High Availability Models:
There are two distinct
High Availability Models for client-server architectures. They are the Replicated Services Model and the Failover Model.
Replicated Services Model:
This model utilizes distributed applications and distributed databases on multiple servers in the LAN/WAN environment where the data is replicated to some
or all of the servers. When a server failure occurs, the data and applications are accessible from an alternate server.
This model utilizes duplicate server hardware configurations in which one server has the role of an active server for data and application services, and the other is a backup server that
monitors the state of the active server. When the backup server detects a hardware or software failure that has occurred on the active server, it takes over the role and identity of the active server.
Fault Tolerance definition consists of proprietary, expensive, and tightly coupled duplicated systems. Fault handling
capabilities are integrated into and become a function of the operating system. These systems have spontaneous and fully automatic response to system failures and provide uninterrupted services.

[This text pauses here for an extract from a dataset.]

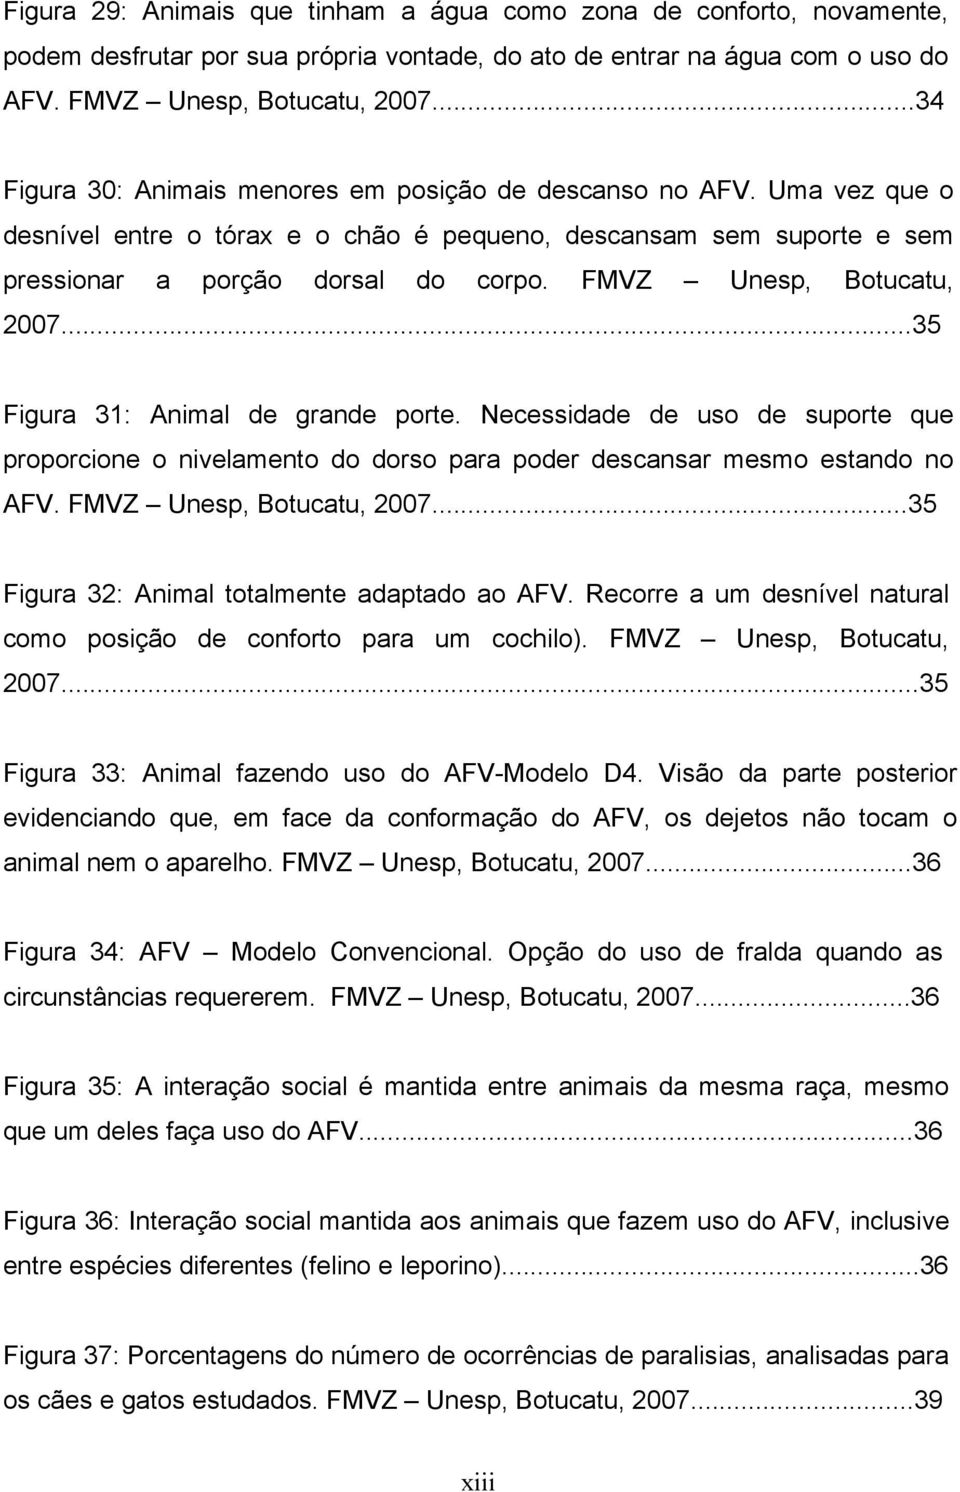 FMVZ Unesp, Botucatu, 2007...35 Figura 31: Animal de grande porte. Necessidade de uso de suporte que proporcione o nivelamento do dorso para poder descansar mesmo estando no AFV.

THE UNIQUE FEATURES IN H.A. TECHNICAL SOLUTIONS' HA
It is H.A. Technical Solutions's goal to deliver a product that maintains open systems' compatibility with the platforms architecture we support and their operating systems. Our
product provides reliable accessibility to applications and data through automatic failover processing, GUI administration, and alerting facilities. It is flexible to be adapted for differences in
individual implementation requirements and future scalability.
Open Systems Compatibility:H.A. Technical Solutions HA (HATS HA) retains the performance, cost effectiveness, and technology
advantages of Open Systems Architecture. It is compatible with existing services native to Solaris (e.g., NFS, Telnet, ftp, etc.) and applications such as Sybase and other common hardware and
software products that are available through Sun Microsystems and other third party vendors.
Reliability and Accessibility:
When a failure
event occurs, it typically takes 5 seconds for fault detection and 10 to 120 seconds for failover to initiate in RDBMS environment. The failover process for Internet applications can take much
less time (often sub 1 second) by using additional software that journals the entries on the Storage system. The failover processing occurs automatically without rebooting the backup server.
This provides the highest data and service availability in a distributed SPARC-architecture, client/server environment. There is no single point of failure to prevent accessibility to the data
and application services provided by the system.
HATS HA can manage redundant servers, network communication links, network adapters, shared disk subsystems, and SCSI disk
adapters to achieve high availability. A standard configuration consists of two SPARC servers or PC's, each with two SCSI interfaces, two Ethernet interfaces, and an internal disk. The servers
are connected to an external disk subsystem that could be a single disk or a RAID disk array. One of the networks is a "private" connection shared between the two servers, and the other is
the "public" network providing connection to the client workstations for services, data, and applications. (See Figure 1.)
An Active Server is defined as the computer
system that provides critical services, data, and/or applications to the client workstations.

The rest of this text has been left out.